Mein Weg zum Sport

Das Schwierigste: Laufschuhe anziehen und die Haustür hinter sich zumachen

Über einen langen Weg zum Sport

Foto von DNA-TestZorneding, 21 Uhr. Stephan Kruip, 47, hat gerade seine Kinder ins Bett gebracht, da kommt der Kampf mit dem inneren Schweinehund: Fernsehen? Lesen? Oder doch noch die Schuhe und die Laufklamotten anziehen und 7 km durch den Ort joggen? Er meint: „Dieser Moment entscheidet über meine Gesundheit.“

„Wenn ich vor zehn Jahren von einem CFler gelesen habe, der joggt, habe ich immer ein wenig neidisch gedacht: Wie gut muss es dem gehen, dass er mehrere Kilometer am Stück laufen kann! Für mich damals undenkbar. Heute bin ich der Überzeugung: Diesen Läufern geht es so gut, weil sie laufen. Mein Weg zum Sport war weit und beschwerlich: Er begann mit dem Trauma des Schulsports und endete meist mit guten Vorsätzen zum Radfahren, Schwimmen oder zur Fitnessgymnastik.

Joggen, gehen, husten

Dann lernte ich vom AK Sport, dass Angestellte aus New-Yorker Bürotürmen ohne Aufzug später als Rentner um so länger leben, je höher ihr Arbeitsplatz im Hochhaus lag. Ich begann also widerwillig, Treppensteigen in meinen Alltag einzubauen: 220 Stufen von den S-Bahn-Gleisen bis ins Büro im achten Stock. Am ersten Tag konnte ich vor Luftnot nicht mehr „Morgen“ sagen, aber nach einem Jahr nahm ich zwei Stufen auf einmal! Eines Tages hatte ich Sehnenscheiden-Entzündungen durch Computerarbeit: Ich war vier Wochen zu Hause und durfte meine Hände nicht benutzen. Vor lauter Langeweile begann ich mit 30 Minuten jeweils eine Minute joggen, dann gehen und husten, am nächsten Tag zwei Minuten usw. Am Ende des Monats konnte ich 20 Minuten durchlaufen! Ich schnaufte anfangs viel zu langsam, sodass ich müde wurde, und musste lernen, den Atemrhythmus freizugeben. Heute schaffe ich 10 km in einer Stunde und vermisse das Laufen, wenn es längere Zeit ausfällt.

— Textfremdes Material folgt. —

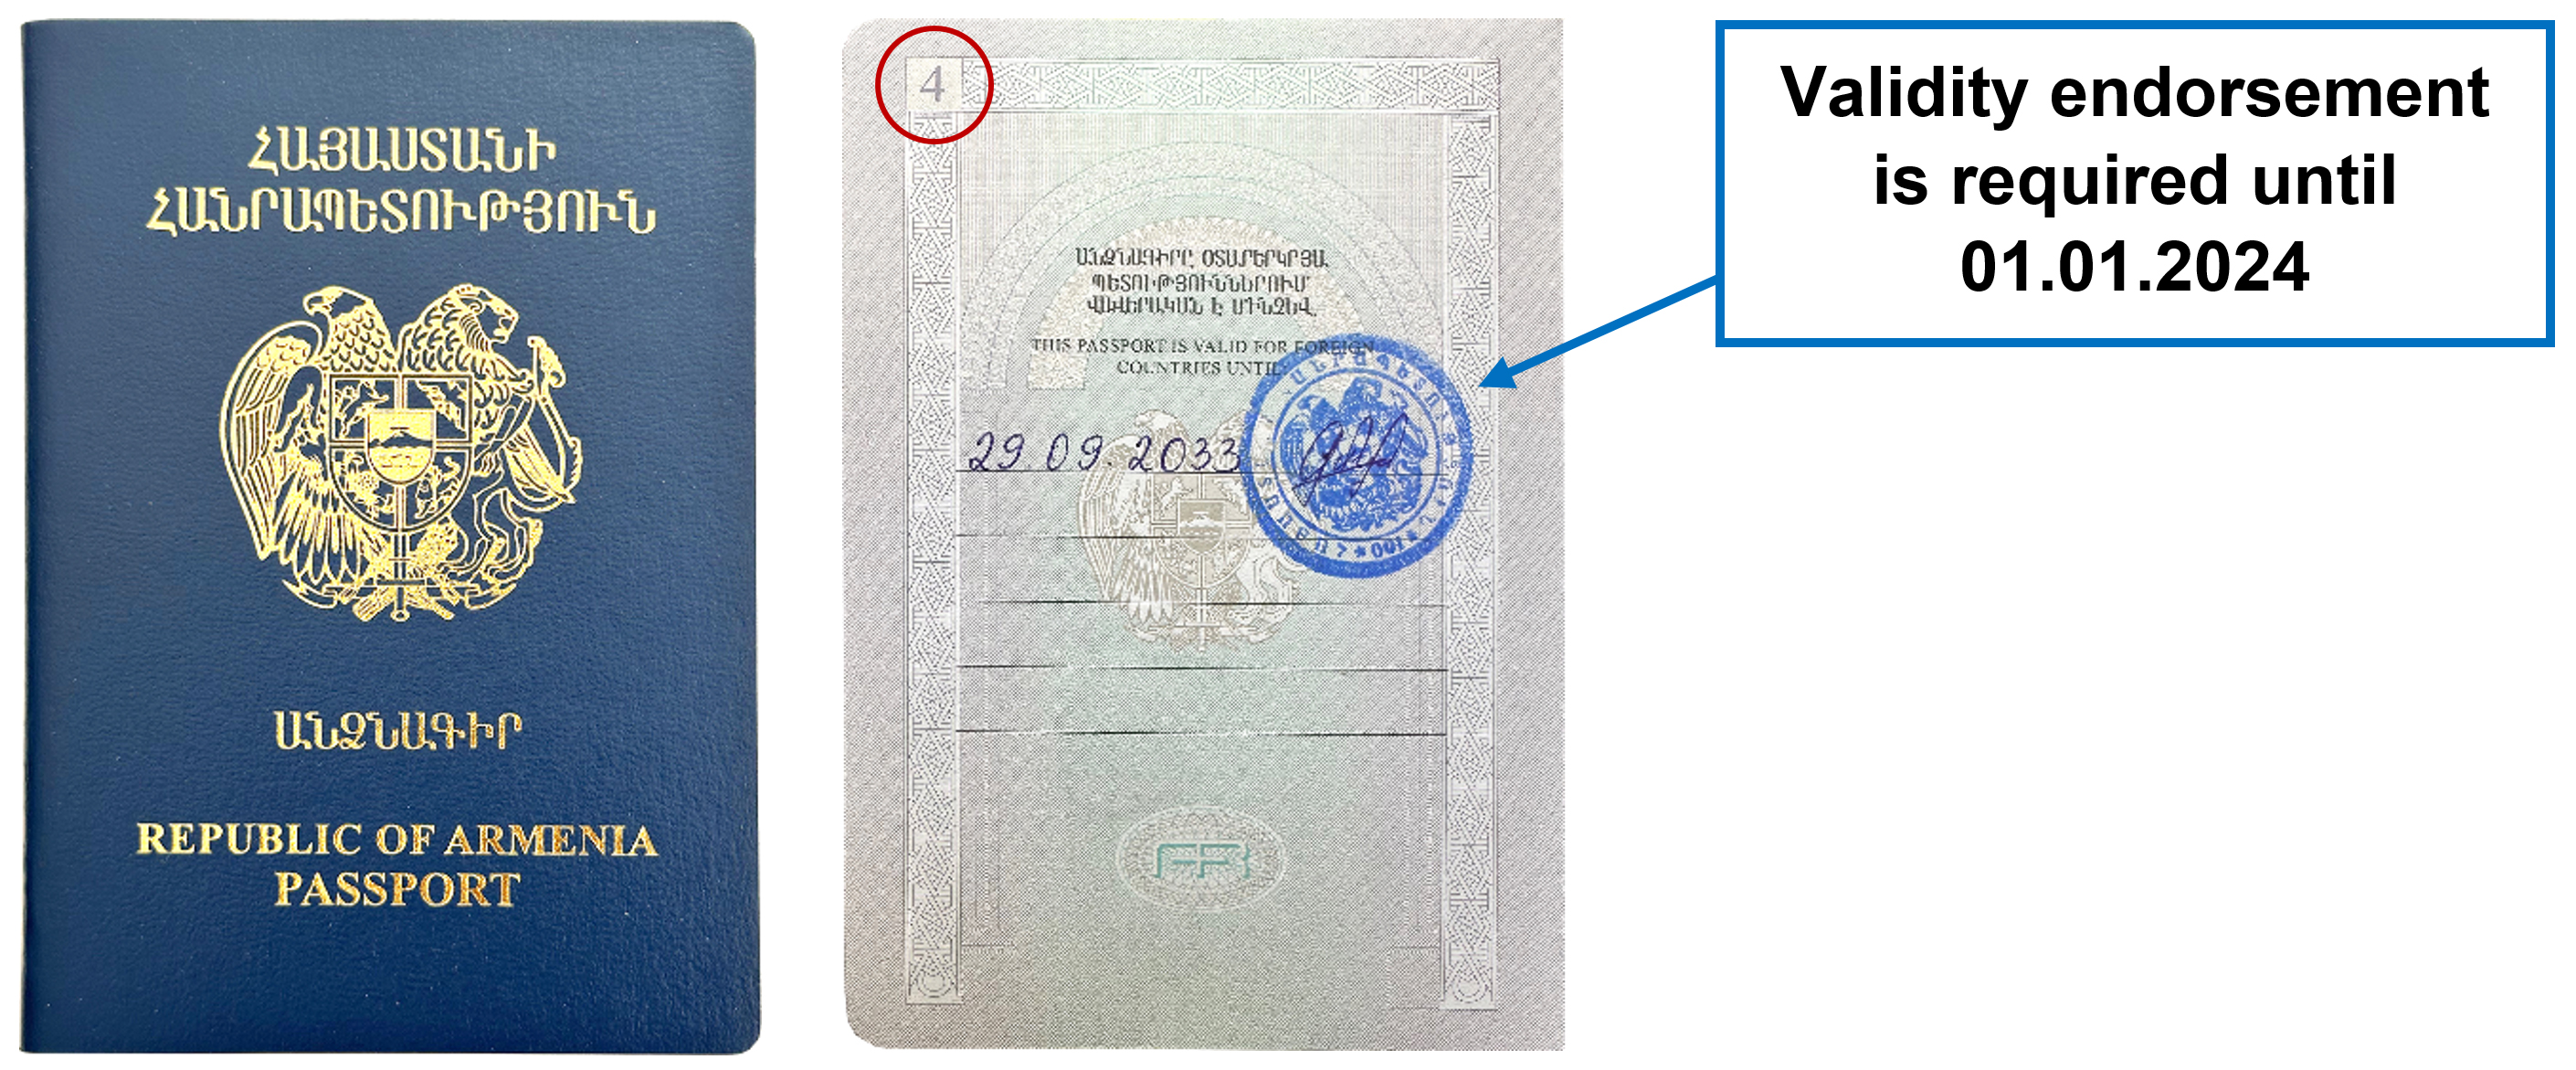 passport1.jpg (1.45 MB)

Sport greift die Ursache an

Die Begründung für den ganzen Aufwand stimmt: Schwitzen durch Anstrengung normalisiert den krankhaft veränderten Spannungslevel auf der Schleimhaut, das heißt auf irgendeine Art werden die verstopften Ionenkanäle leitend – also eine Therapie, die an der Ursache der Mukoviszidose ansetzt! Die Erschütterung beim Laufen löst dann den verflüssigten Schleim. Man muss das leider selber durchziehen und bekommt nichts verschrieben. Doch das Schönste ist eindeutig, beim Laufen den Wind an den Ohren zu spüren ...“

Stephan Kruip ist 2. stellvertretender Bundesvorsitzender des Mukoviszidose e.V. und lebt mit seiner Familie in der Nähe von München. Der Artikel erschien in muko.info Ausgabe 4/2012  (S. 34).

Anmerkung des Autors im März 2014: Meine Lungenfunktion ist praktisch im Normalbereich (FEV1 > 80%, kein Absinken des PO2 unter Belastung), daher ist der Weg zum Sport für andere CF-Patienten viel beschwerlicher. Aber meine Lungenfunktion war vor 20 Jahren bei ca. 60% FEV1, auch damals konnte ich Sport treiben. Jedenfalls kann man von jedem Startpunkt aus seine Fitness verbessern.